— Your goal —
Pictures are not part of the answer. Write out exactly the lines from the one containing "Ukraine/Luhansk" through the end of the material below.

— Supplied information —

------------------------------------

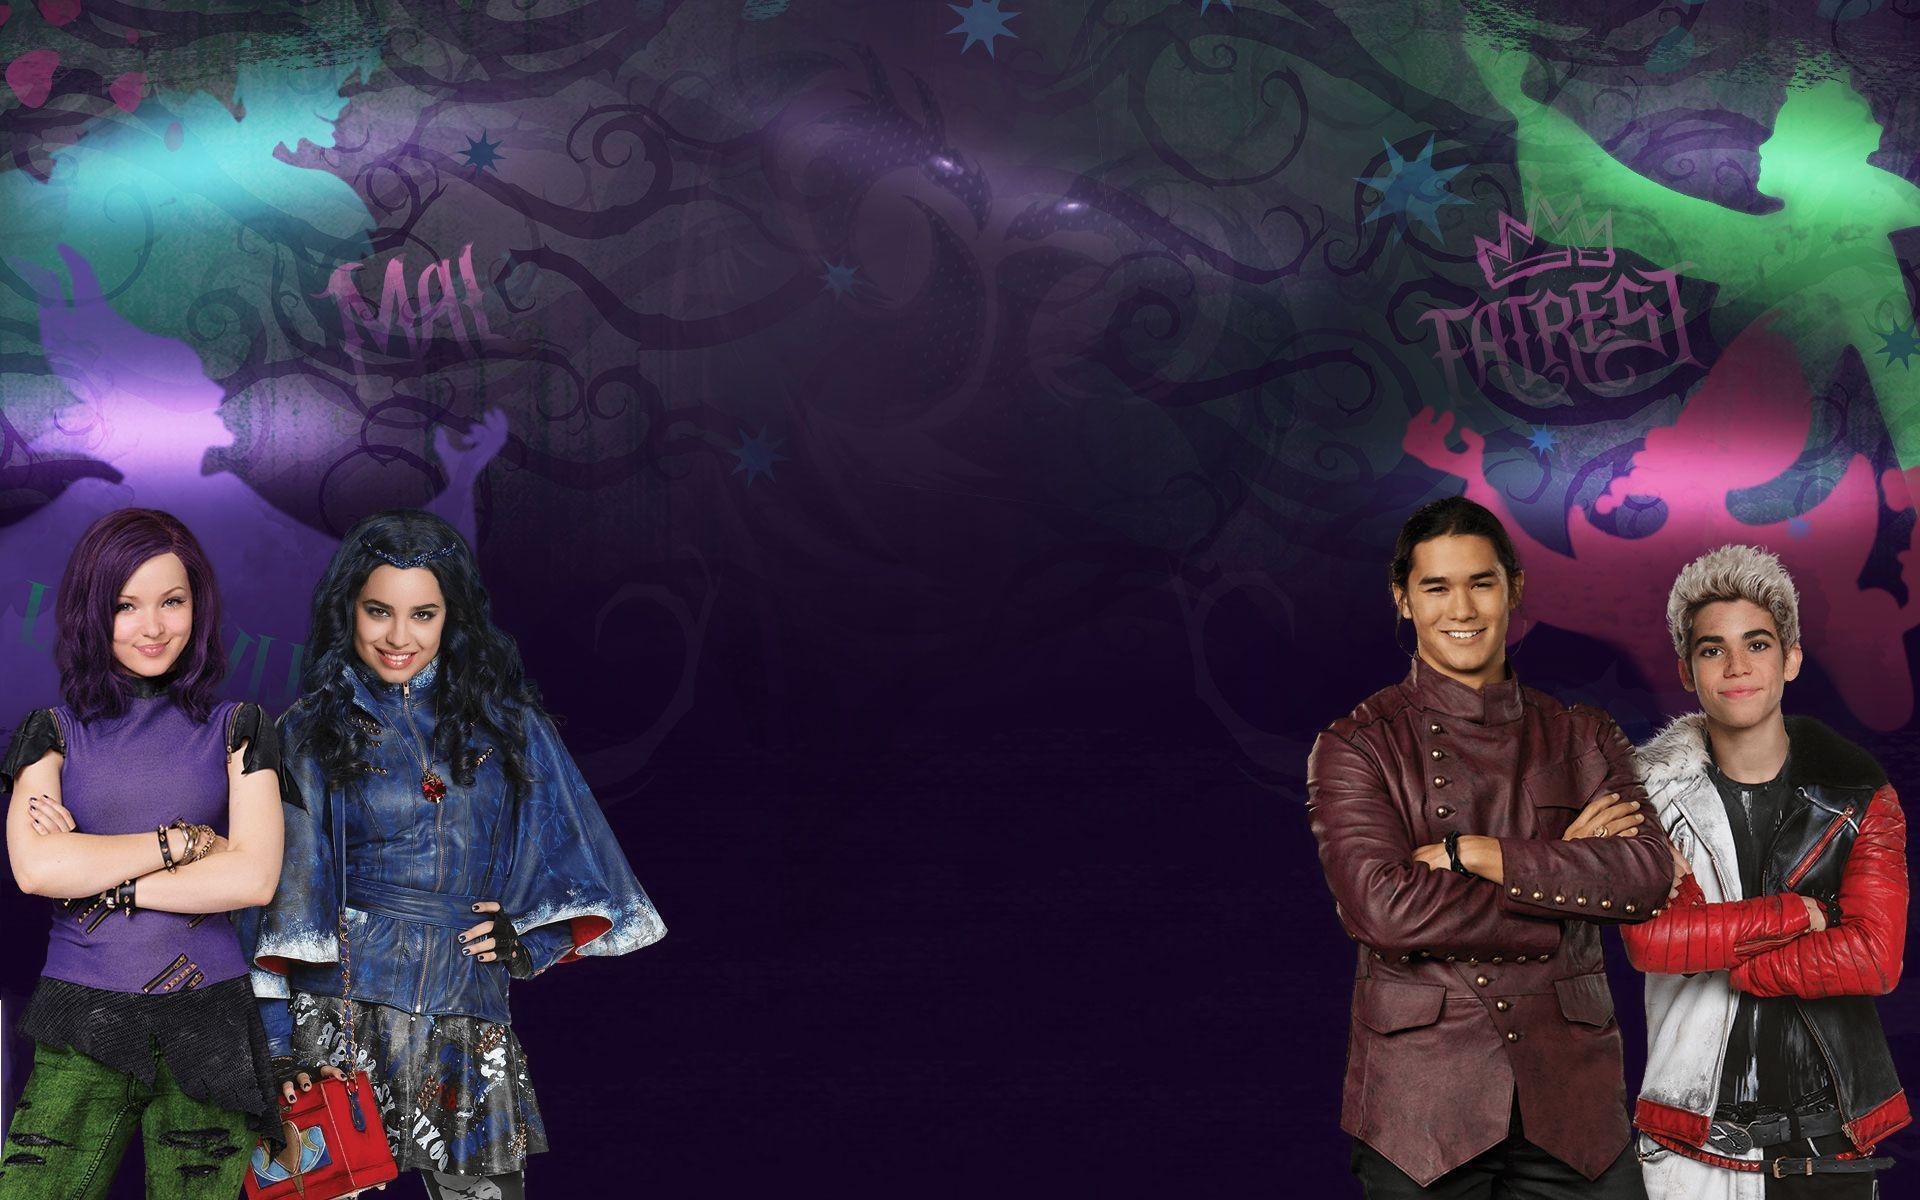 Disney Descendants Wallpaper - WallpaperSafari | dependents party ...
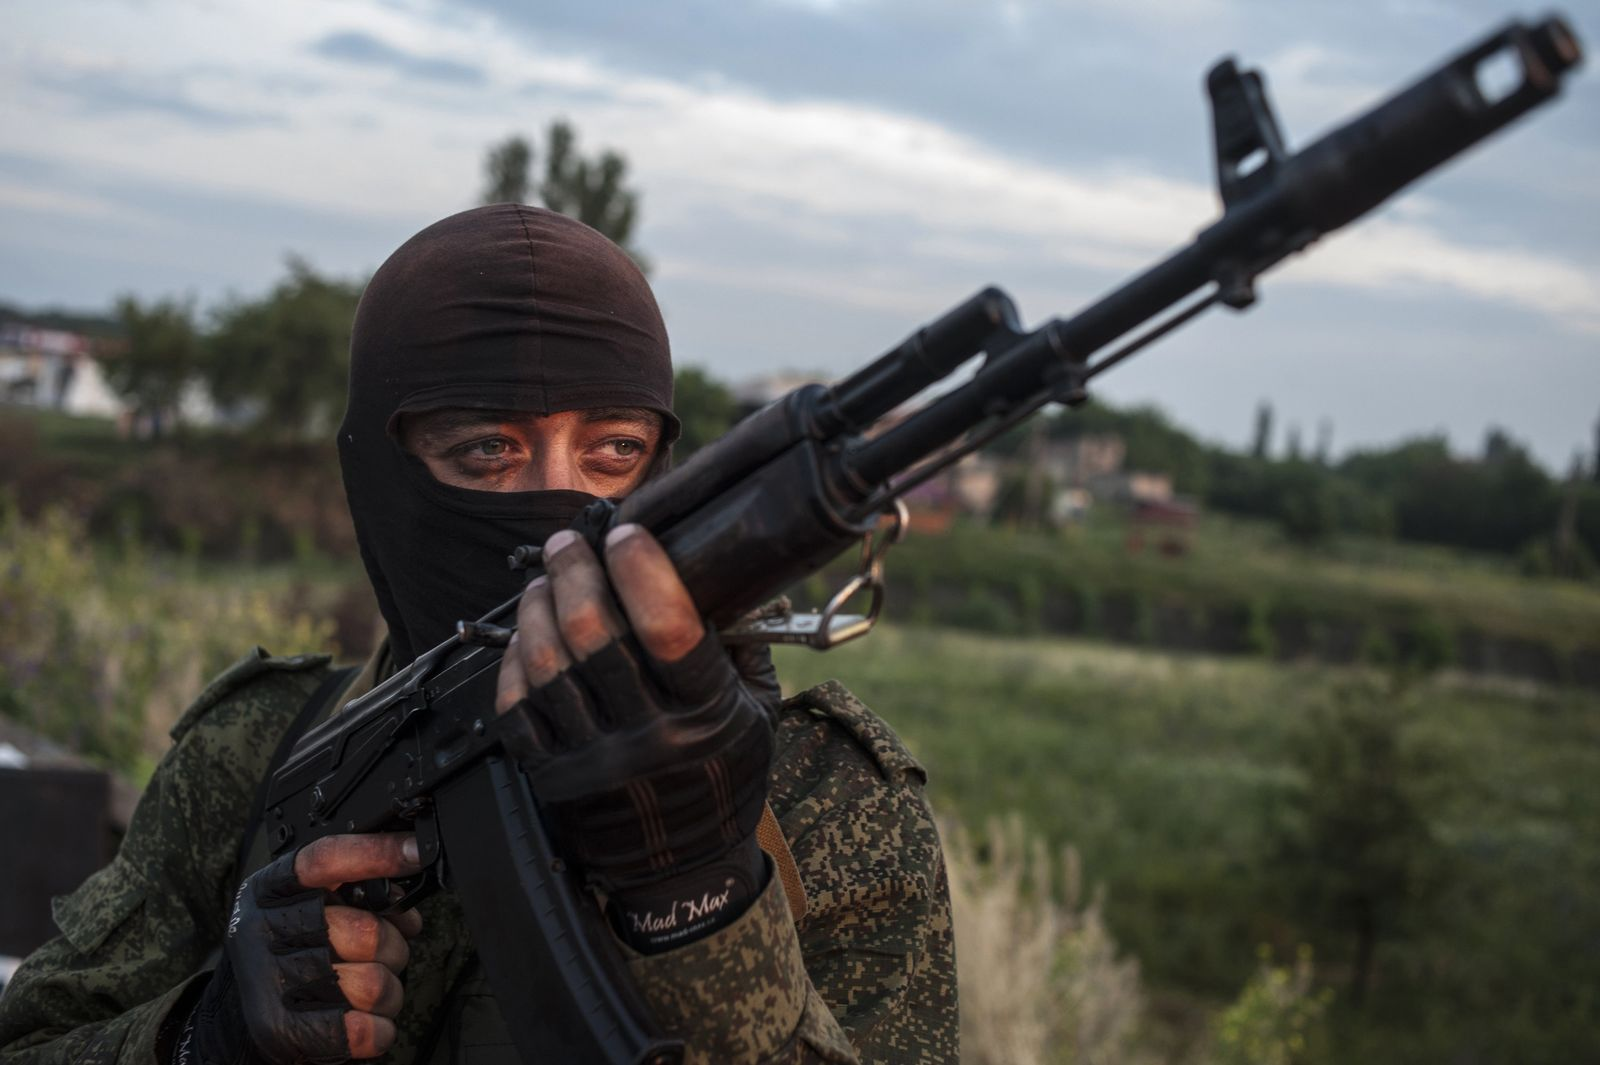 Ukraine/Luhansk
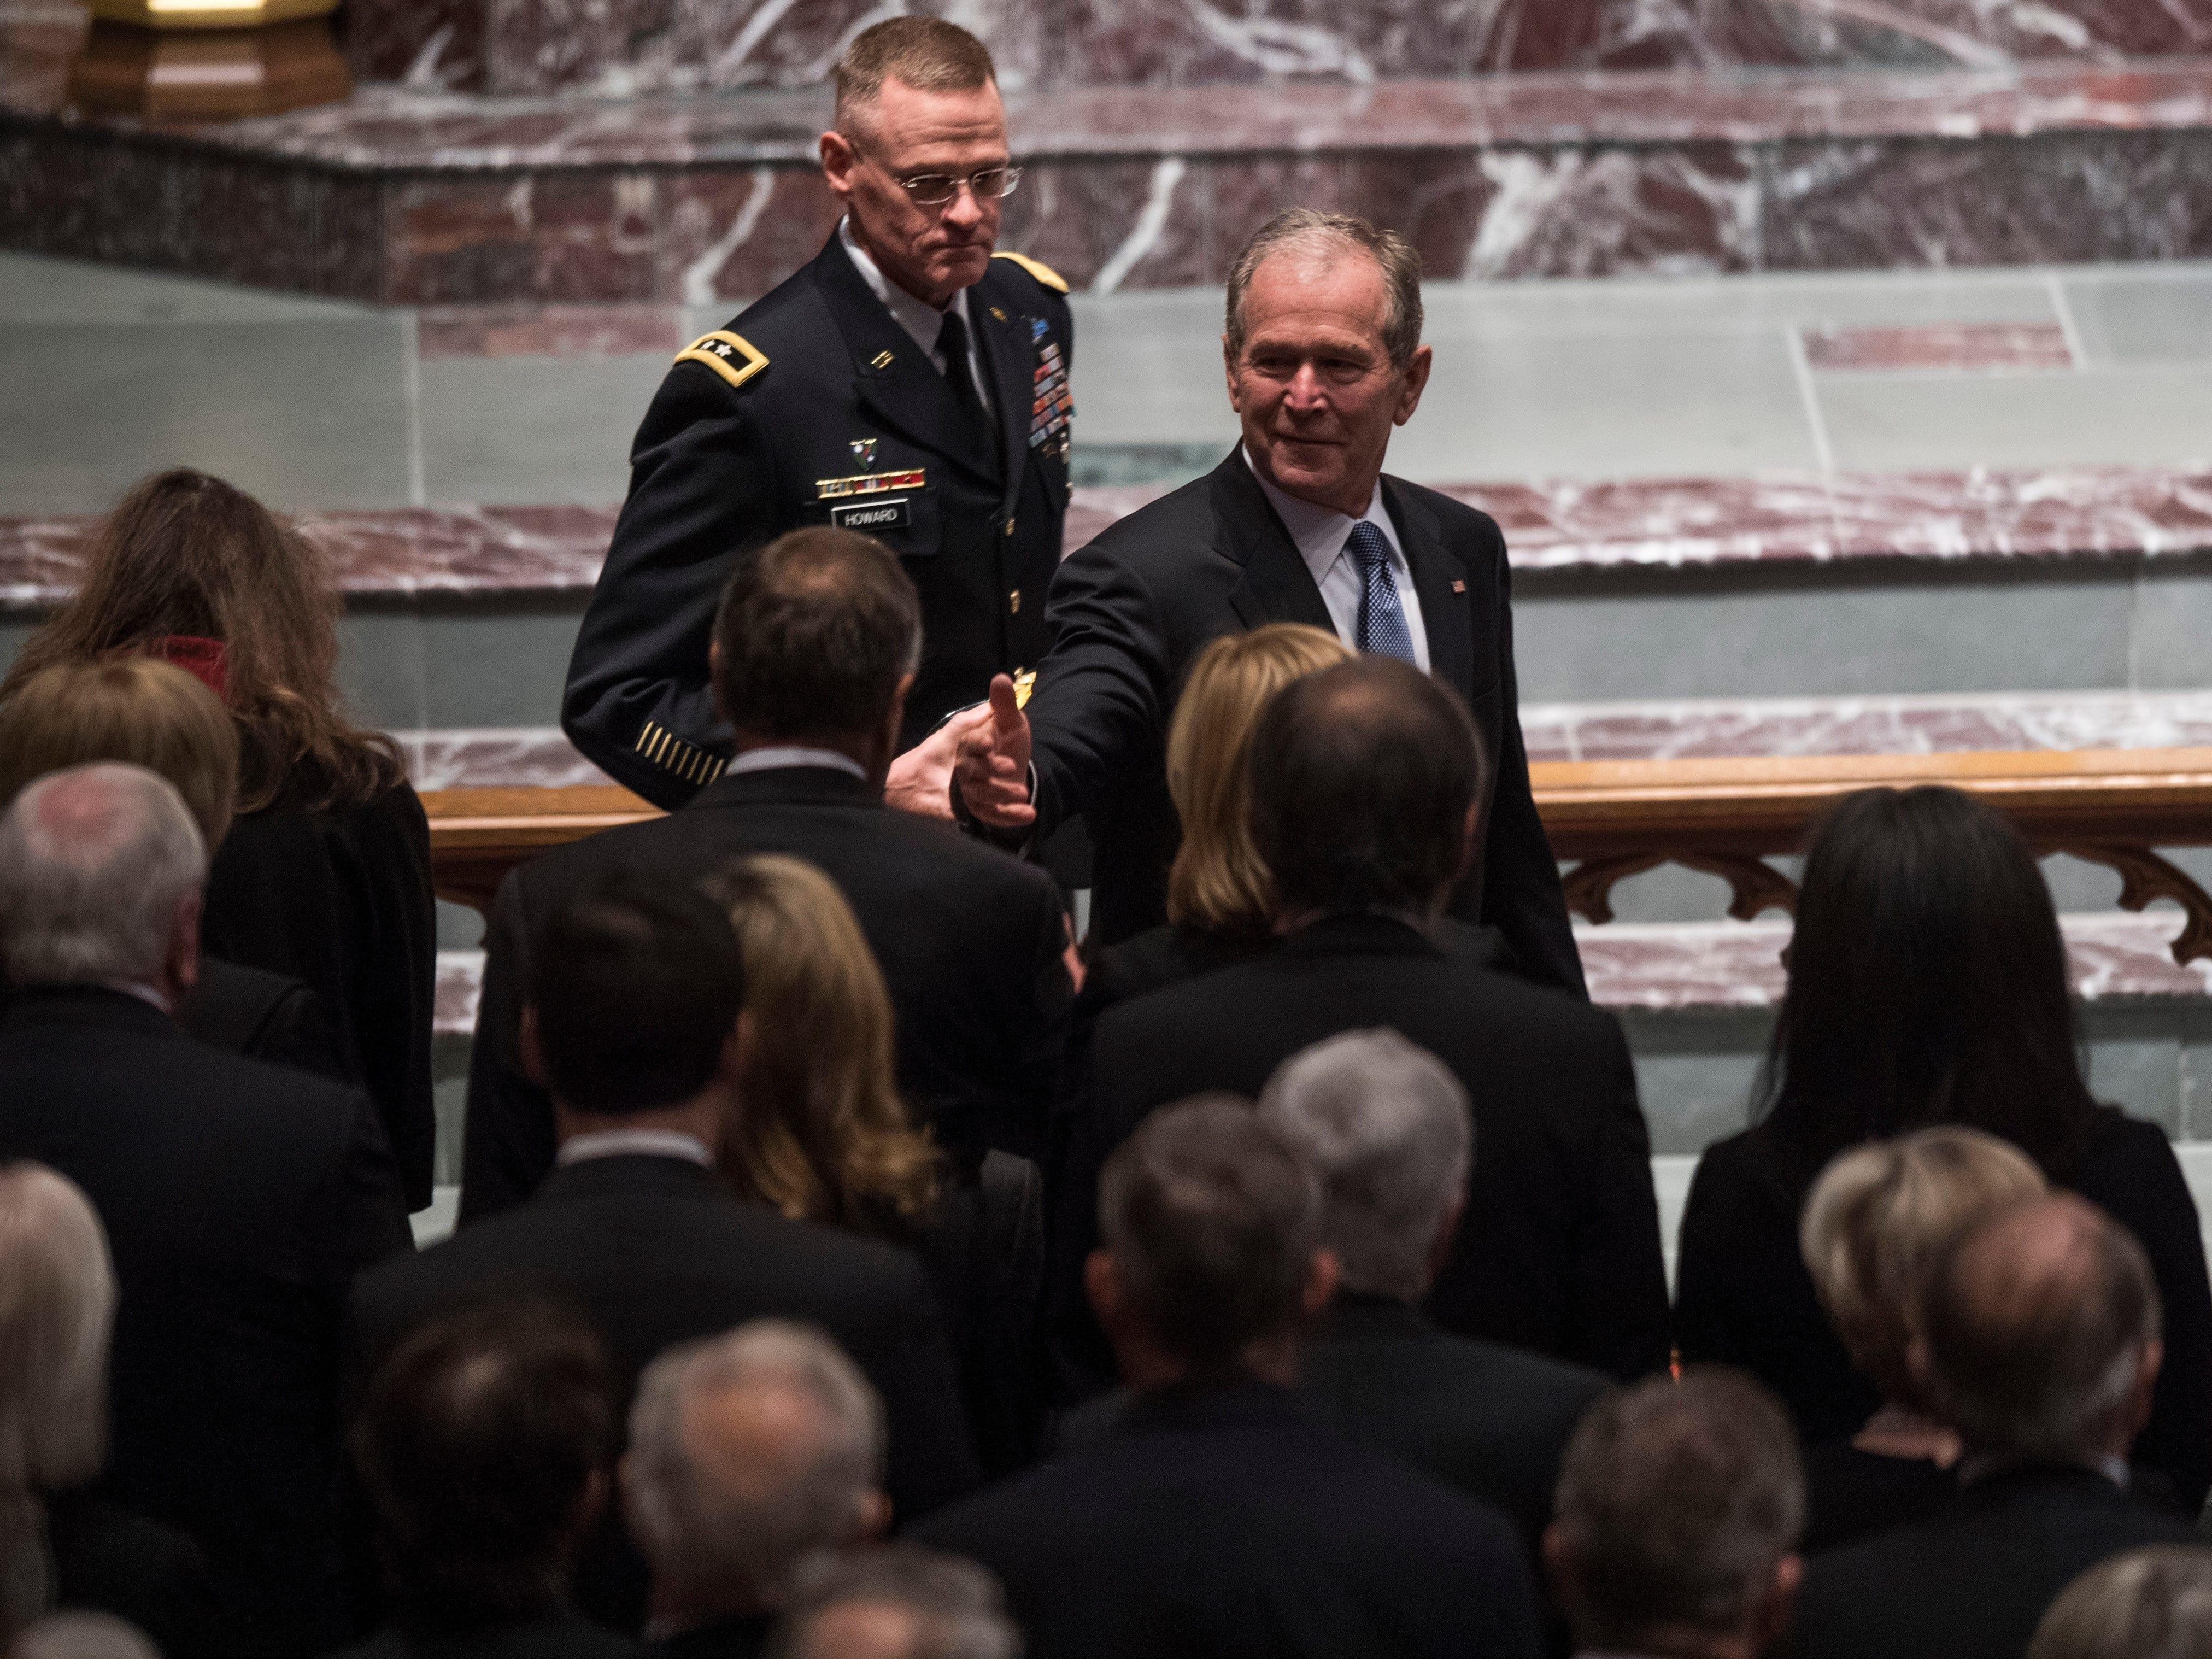 Former President George W. Bush arrives for the Funeral service for former President George H.W. Bush at St. Martin's Episcopal Church in Houston, Thursday, Dec. 6, 2018.

------------------------------------

— The completed task —
 Ukraine/Luhansk
 Former President George W. Bush arrives for the Funeral service for former President George H.W. Bush at St. Martin's Episcopal Church in Houston, Thursday, Dec. 6, 2018.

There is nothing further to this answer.